EXTRACTED MATERIAL START
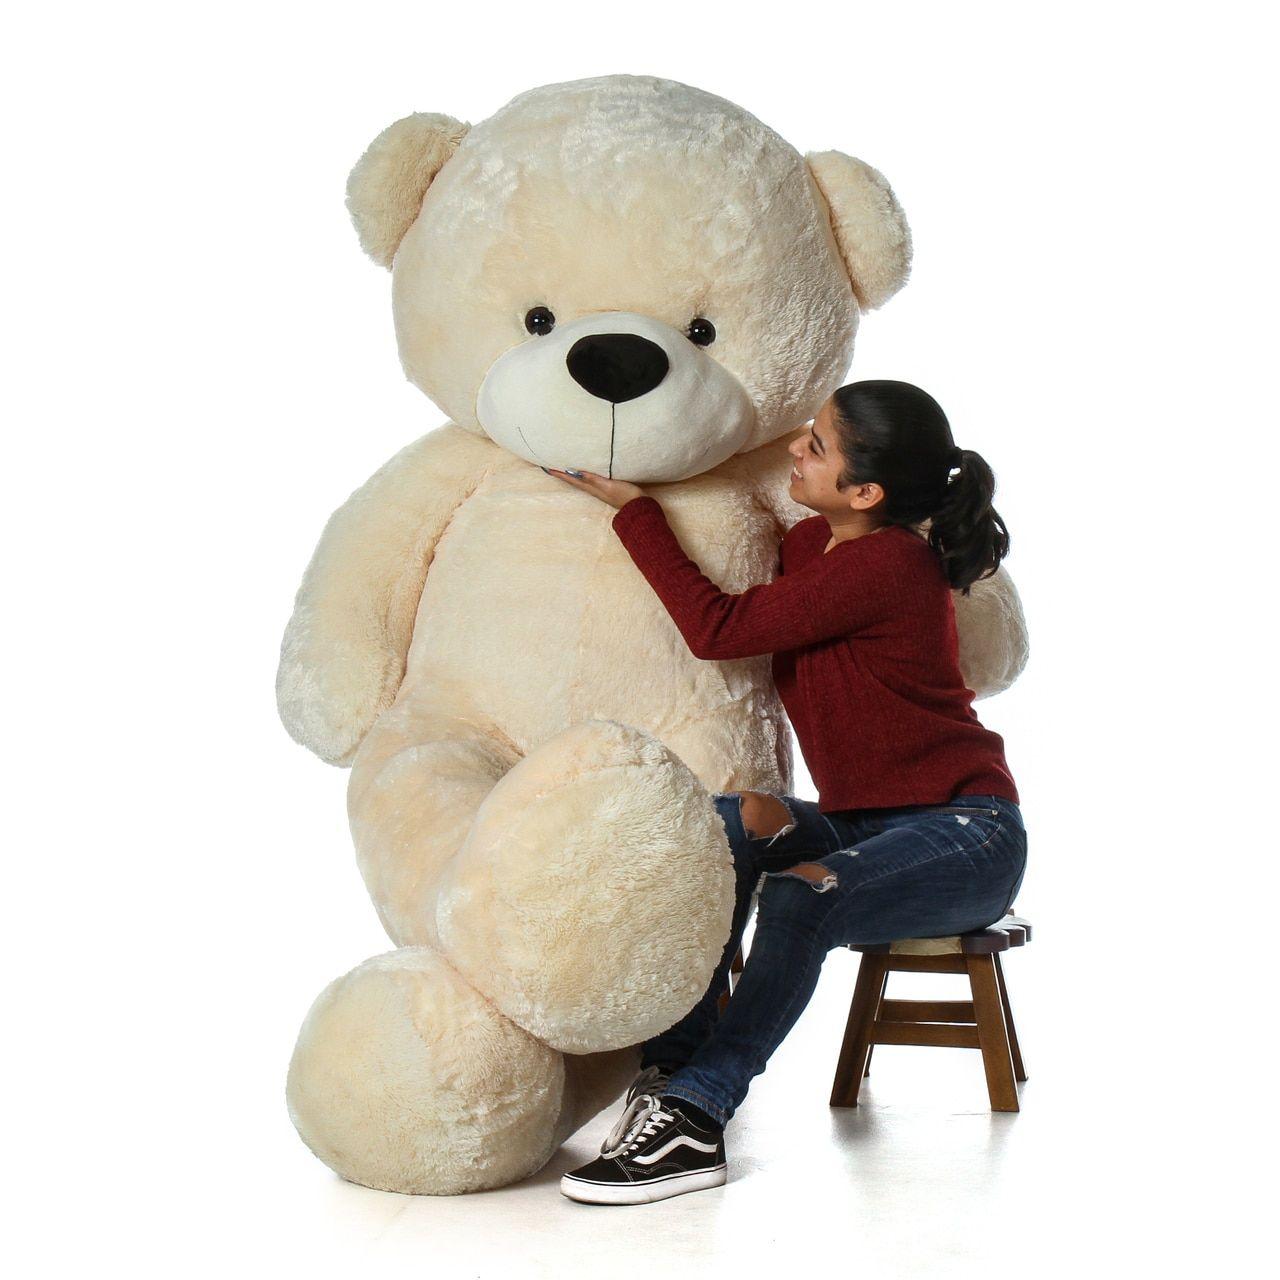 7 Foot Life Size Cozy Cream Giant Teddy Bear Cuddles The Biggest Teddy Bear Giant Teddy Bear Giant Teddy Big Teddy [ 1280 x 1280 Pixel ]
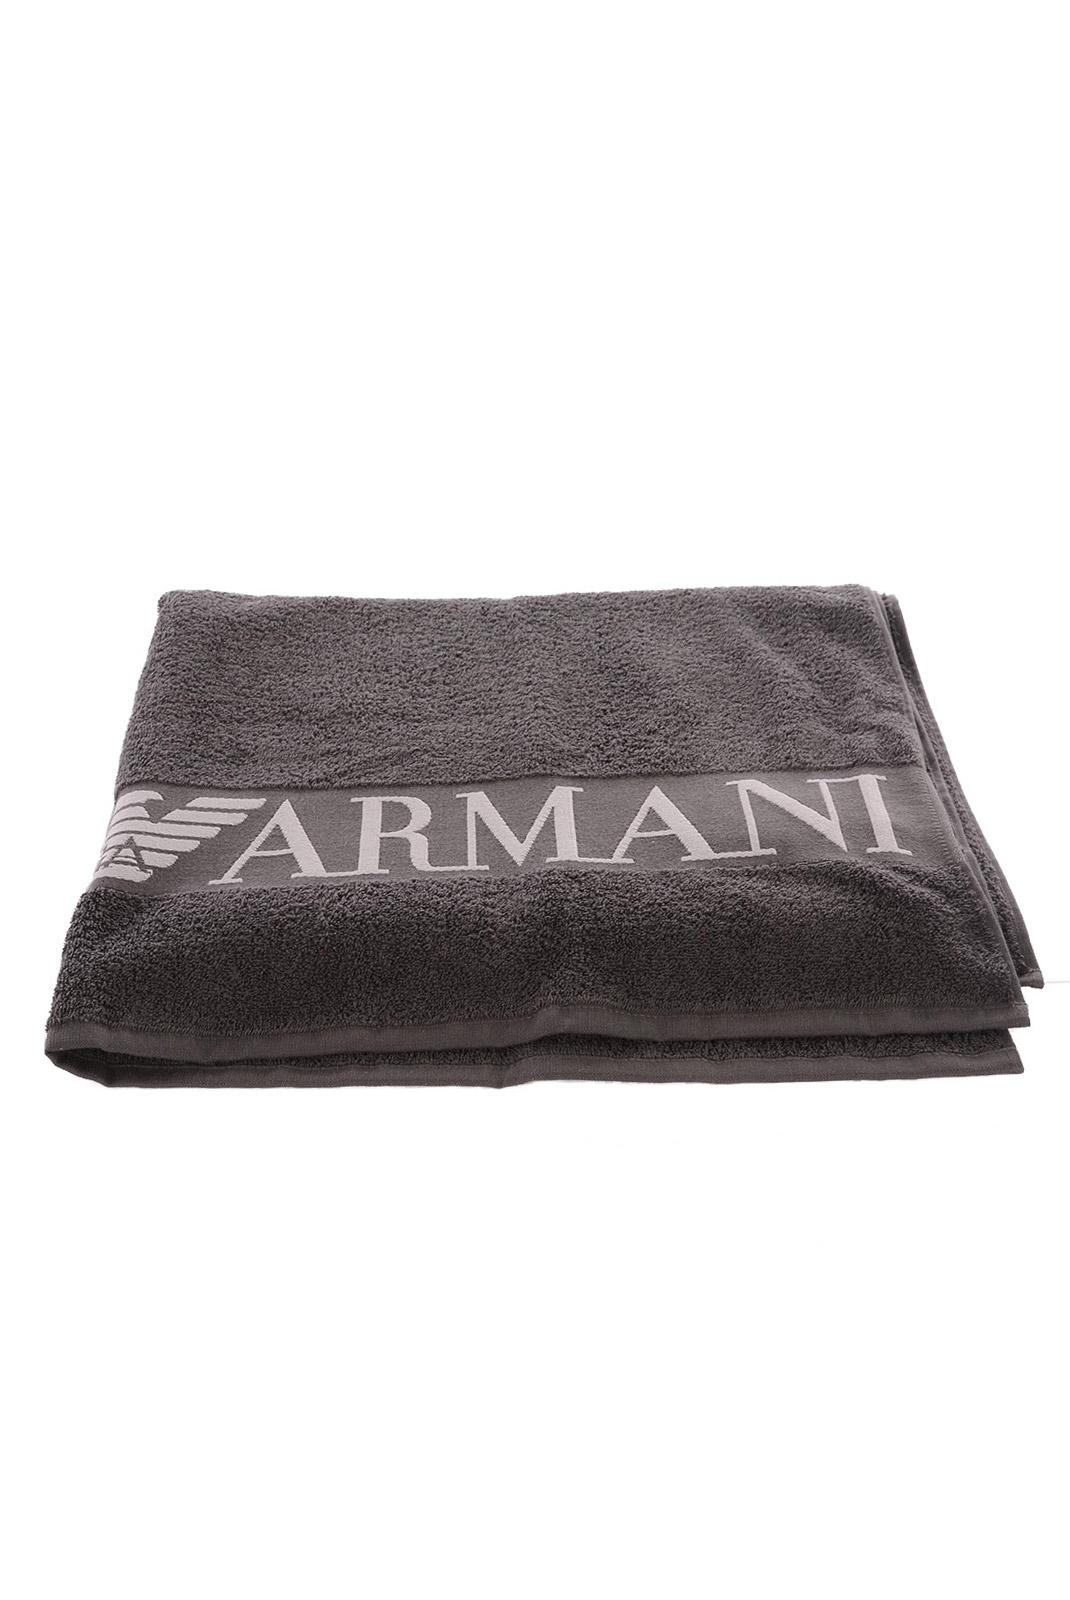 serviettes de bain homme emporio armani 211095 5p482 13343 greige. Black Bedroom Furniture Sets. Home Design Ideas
EXTRACTED MATERIAL END
EXTRACTED MATERIAL START
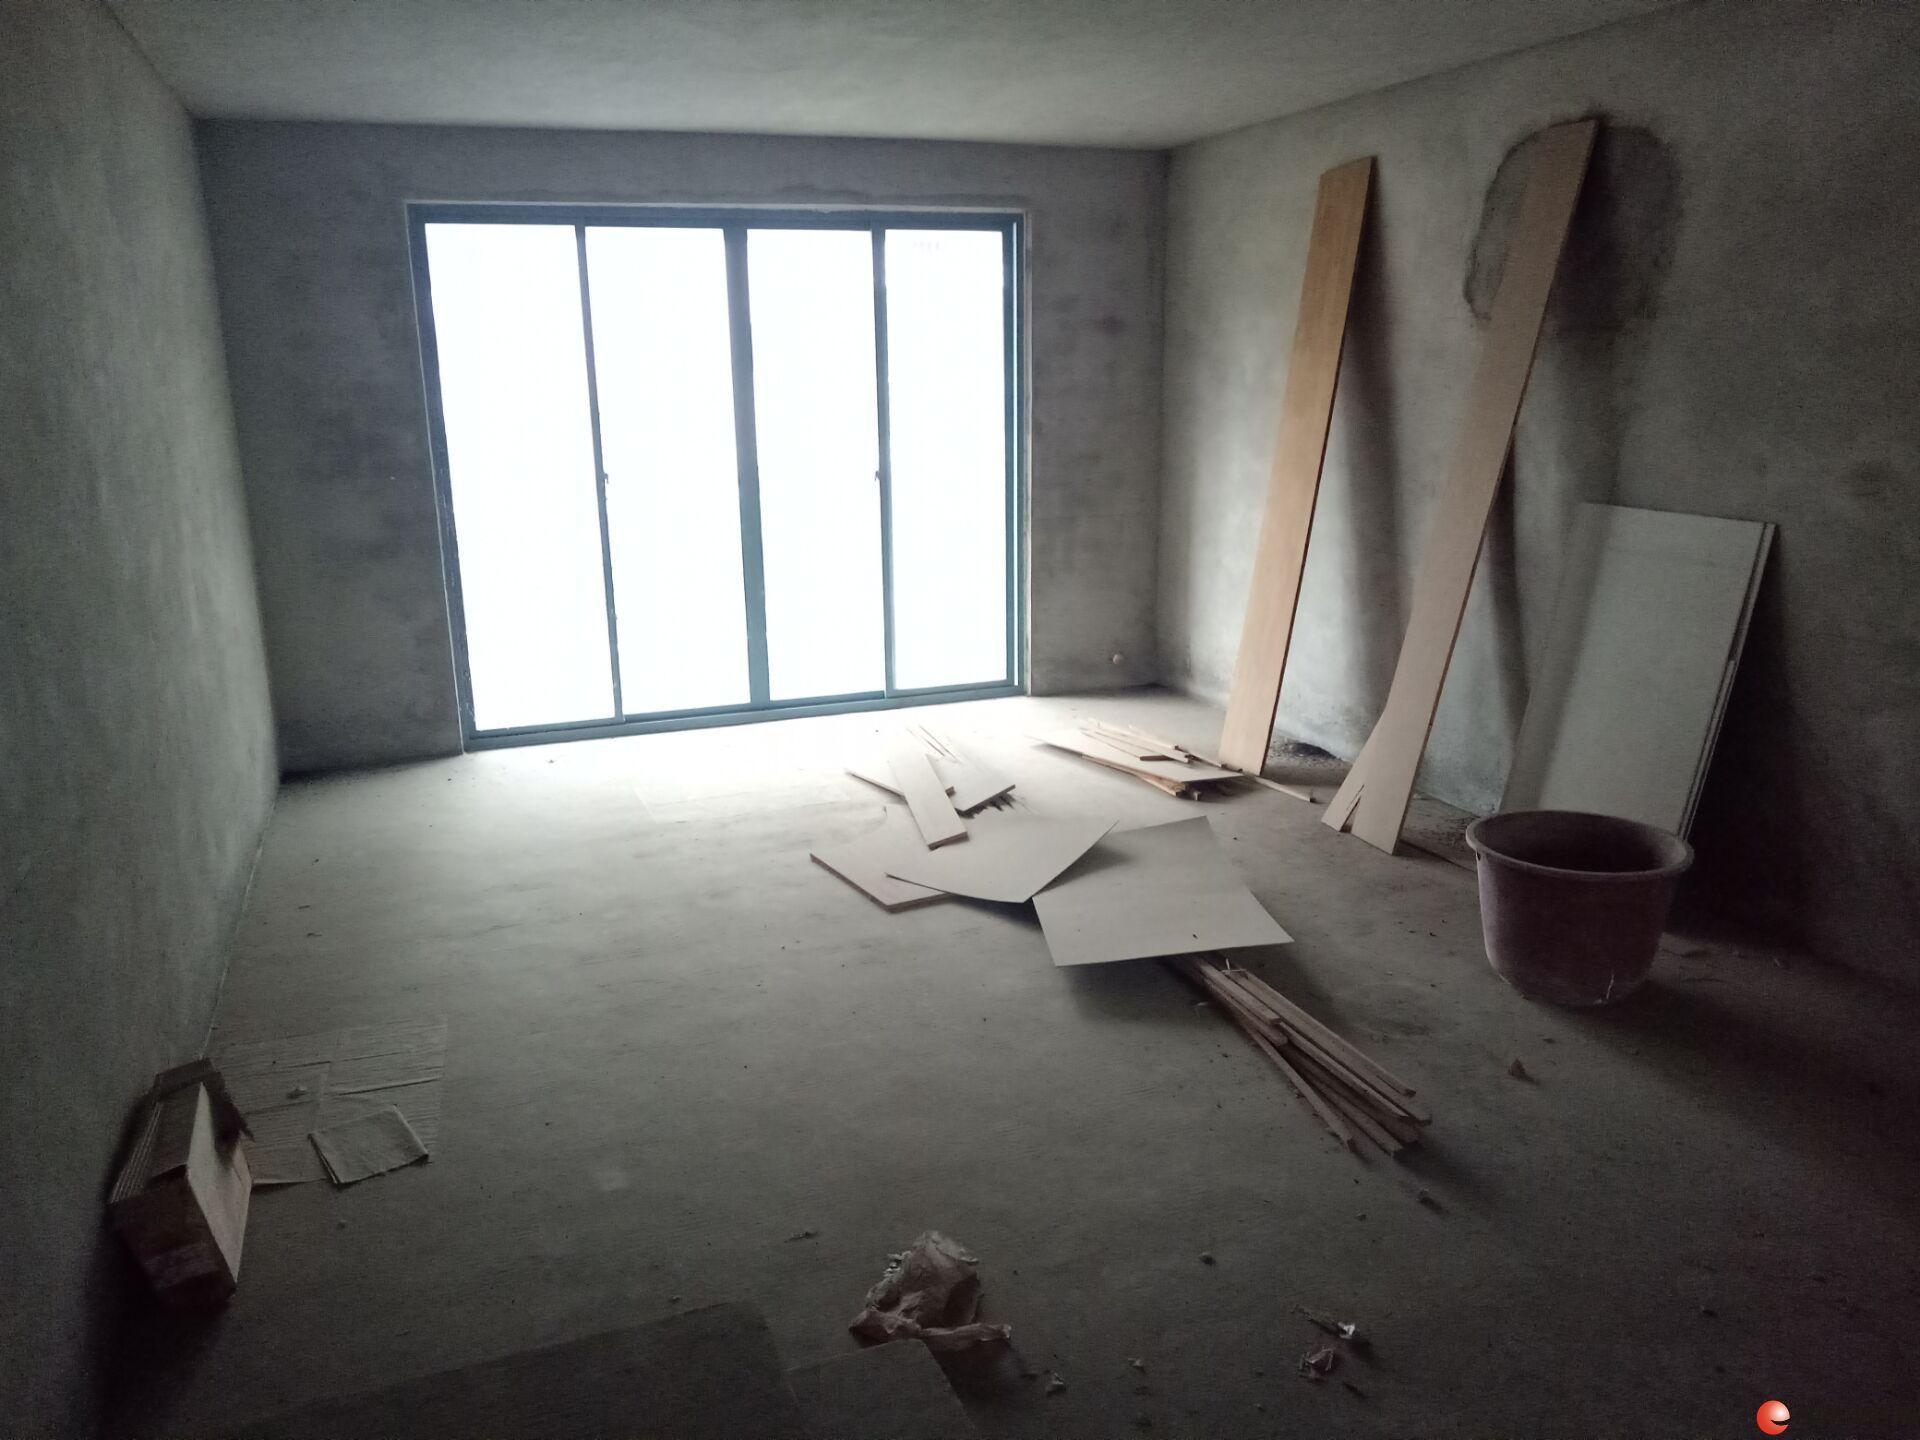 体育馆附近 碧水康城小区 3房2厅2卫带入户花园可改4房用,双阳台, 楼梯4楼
EXTRACTED MATERIAL END
EXTRACTED MATERIAL START
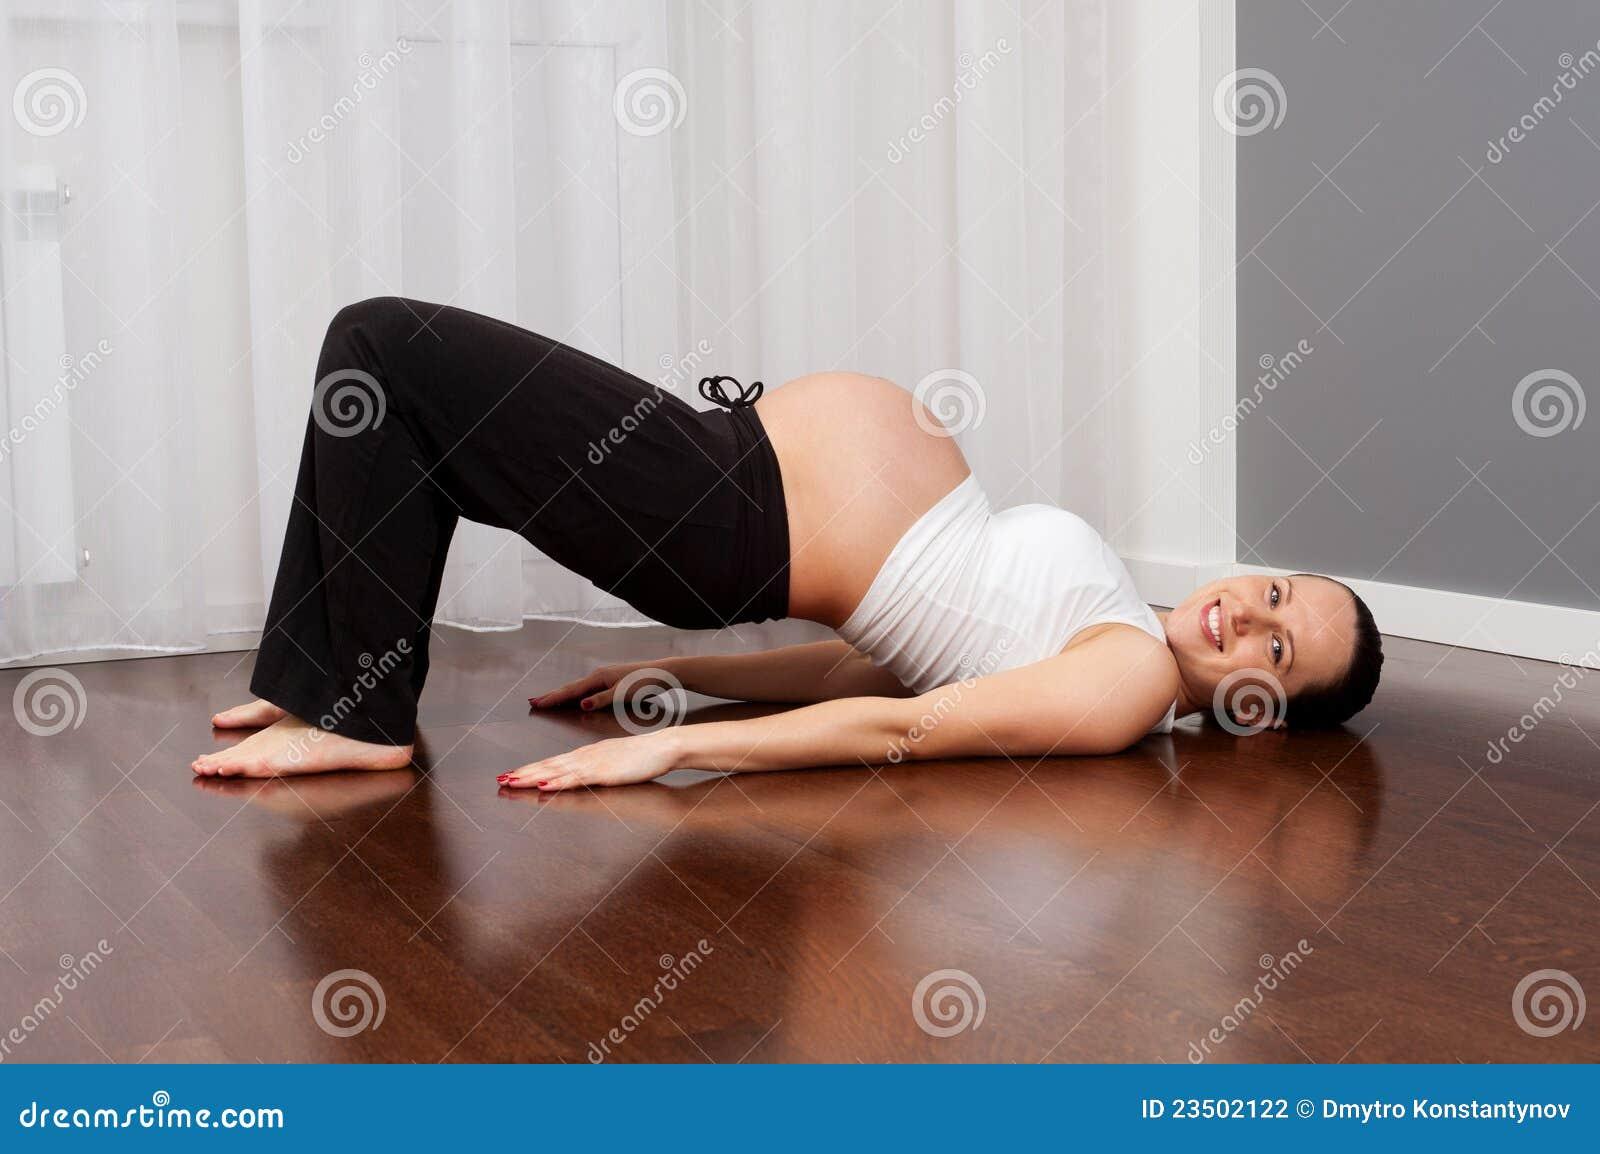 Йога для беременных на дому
EXTRACTED MATERIAL END
→ **WHAT IS BEING ASKED**: Above, find the line with "7 Foot Life"; copy it and every line down to the line with "serviettes de bain", exactly and both included, but no pictures.

→ **SOLUTION**:
 7 Foot Life Size Cozy Cream Giant Teddy Bear Cuddles The Biggest Teddy Bear Giant Teddy Bear Giant Teddy Big Teddy [ 1280 x 1280 Pixel ]
 serviettes de bain homme emporio armani 211095 5p482 13343 greige. Black Bedroom Furniture Sets. Home Design Ideas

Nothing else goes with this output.